Operationally, the neuron computes:

$$
z = (2.0 \cdot x_0) + (-1.0 \cdot x_1) + 0.5
$$

Because the output activation is `Identity`, the final output is:

$$
y = z
$$

So for this generated sample model:

$$
y = 2.0 \cdot x_0 - x_1 + 0.5
$$

## Conceptual schema of networks built by the library

Beyond the tiny sample model, the core dense path implemented by this crate is conceptually a feed-forward stack of dense layers:

```mermaid
flowchart LR
   I[Input vector x] --> L1[Dense Layer 1\nW1 x + b1\nActivation a1]
   L1 --> L2[Dense Layer 2\nW2 h1 + b2\nActivation a2]
   L2 --> L3[... Optional hidden layers ...]
   L3 --> O[Output layer\nWn h(n-1) + bn\nOutput activation]
```

Each dense layer is represented internally with:
- `input_size`
- `output_size`
- `weight_offset`
- `bias_offset`
- `activation`

Those descriptors are chained and validated before execution (`LayerPlan::validate`).
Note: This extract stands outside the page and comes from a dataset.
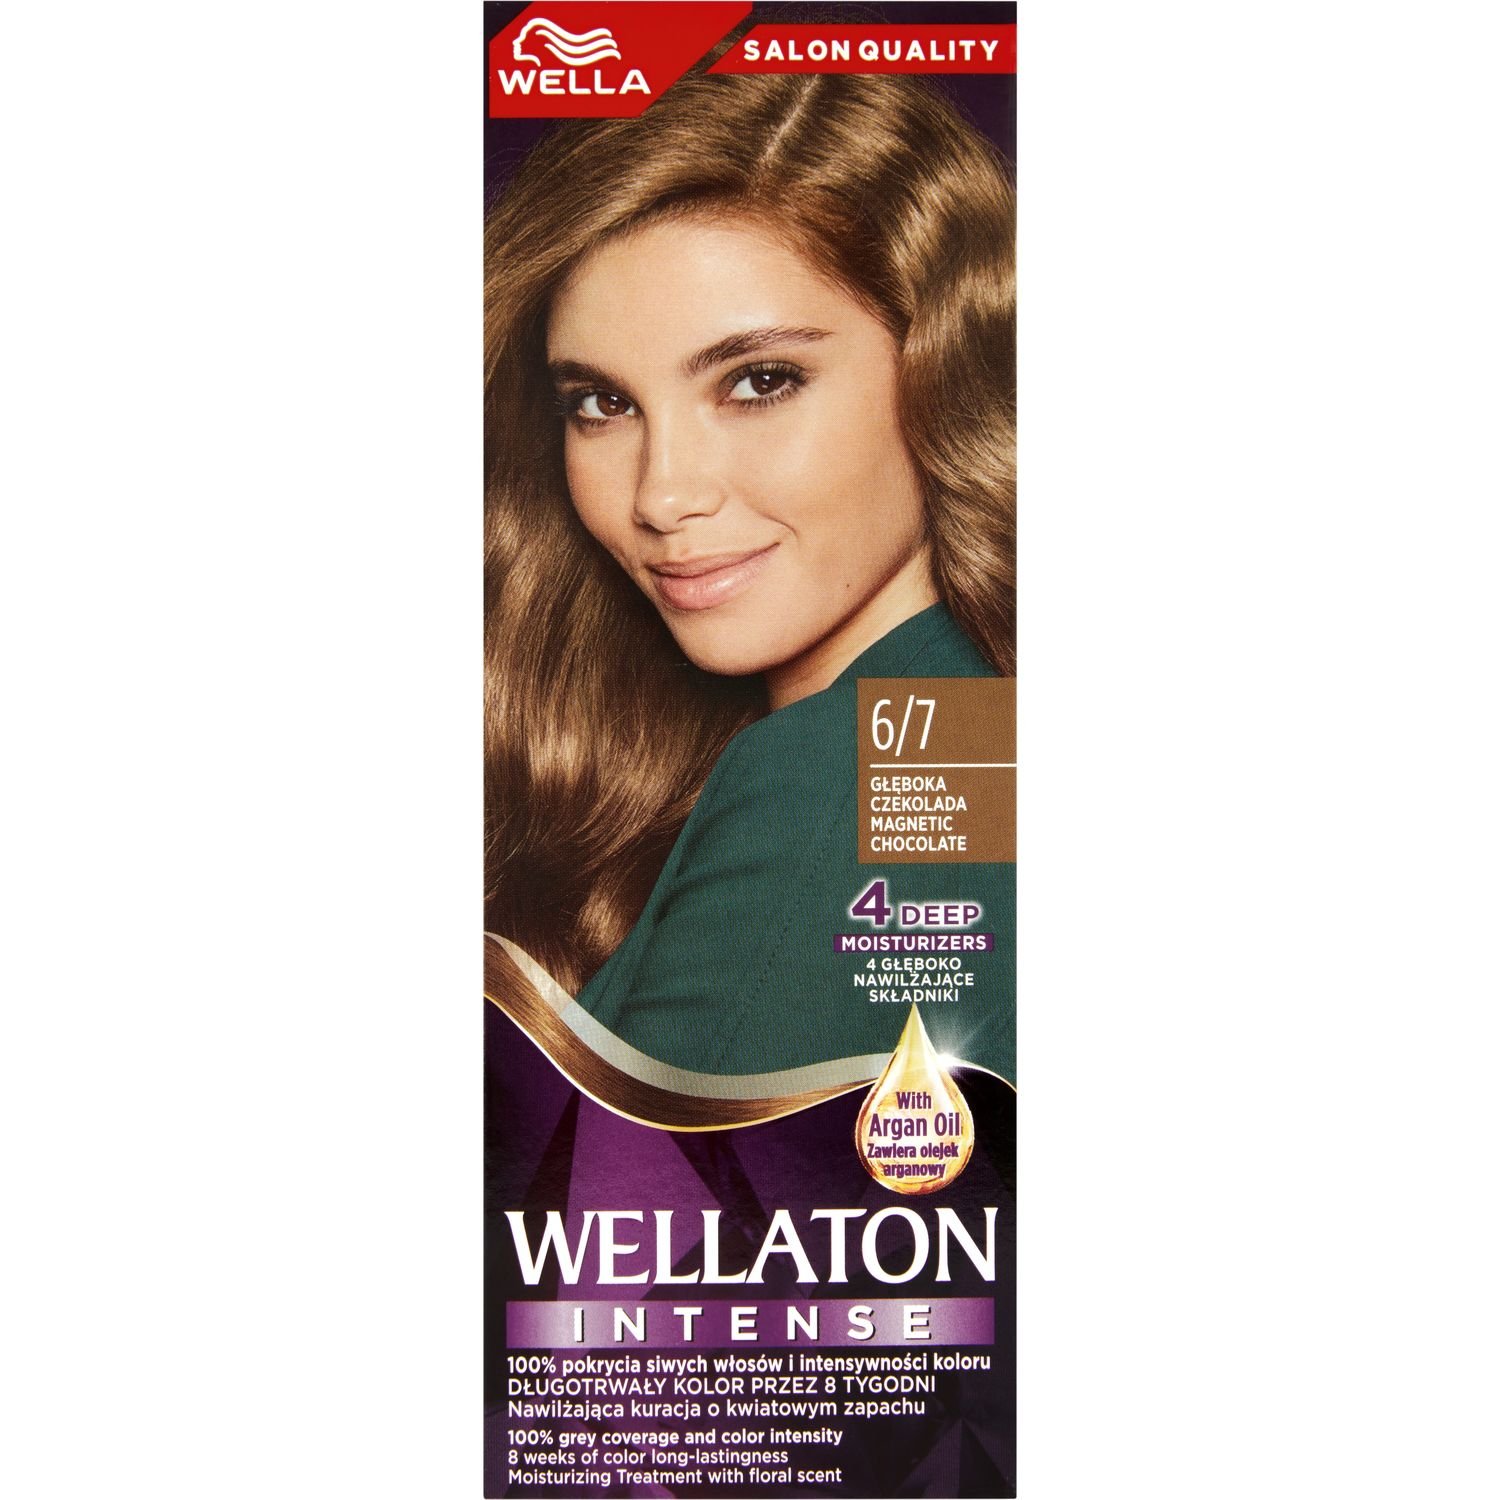 Інтенсивна крем-фарба для волосся Wellaton, відтінок 6/7 (Магнітичний шоколад), 110 мл - фото 2

## Conceptual schema of model construction

The dense model creation flow is explicit and deterministic:

```mermaid
flowchart TD
   T[Topology\nexample: 2 -> 1 or 8 -> 16 -> 4] --> S[Build dense layer specs\ninput/output sizes + offsets + activations]
   P[Weights + Biases] --> S
   S --> V[Range/count validation\nweights_len and biases_len checks]
   V --> E[Encode binary model\nRMD1 header + layer metadata + tensors]
   E --> F[.rnn file payload]
   F --> D[Decode + validate at runtime]
   D --> R[Run inference with explicit scratch buffers]
```

Why this design:
- predictable memory behavior (no hidden runtime allocations in core path),
- strict structural checks before compute,
- straightforward interop with FFI consumers.

## How this network is created (exact pipeline)

### Step 1: Topology and parameters
- `topology = [2, 1]`
- user-provided `weights`, `biases`

### Step 2: Build layer specs
`build_dense_specs_from_layers` computes for each layer:
- `input_size`, `output_size`
- `weight_offset`, `bias_offset`
- activation choice (hidden vs output)

It also validates consistency with total weights/biases.

### Step 3: Encode binary payload
`encode_dense_model_v1` writes:
- magic/version/header
- layer metadata
- packed weights
- packed biases

### Step 4: Persist bytes
The example writes the result as a `.rnn` file.

### Step 5: Runtime consumption
At inference time:
- `rnn_required_dense_from_bytes_v1` inspects required counts
- `decode_dense_model_v1` reconstructs layer specs/parameters
- `forward_dense_plan` executes with caller scratch buffers

## Binary dense format (`RMD1`) details

Dense format helpers are in [src/model_format](src/model_format) and [src/rnn_api](src/rnn_api).

Key characteristics:
- Magic: `RMD1`
- Versioned header
- Layer metadata contains input/output sizes, offsets, activation id
- All critical ranges are validated before use
- Decode fails on truncation, bad version/magic, invalid offsets, or capacity mismatch

This gives a strict producer/consumer contract for dense models.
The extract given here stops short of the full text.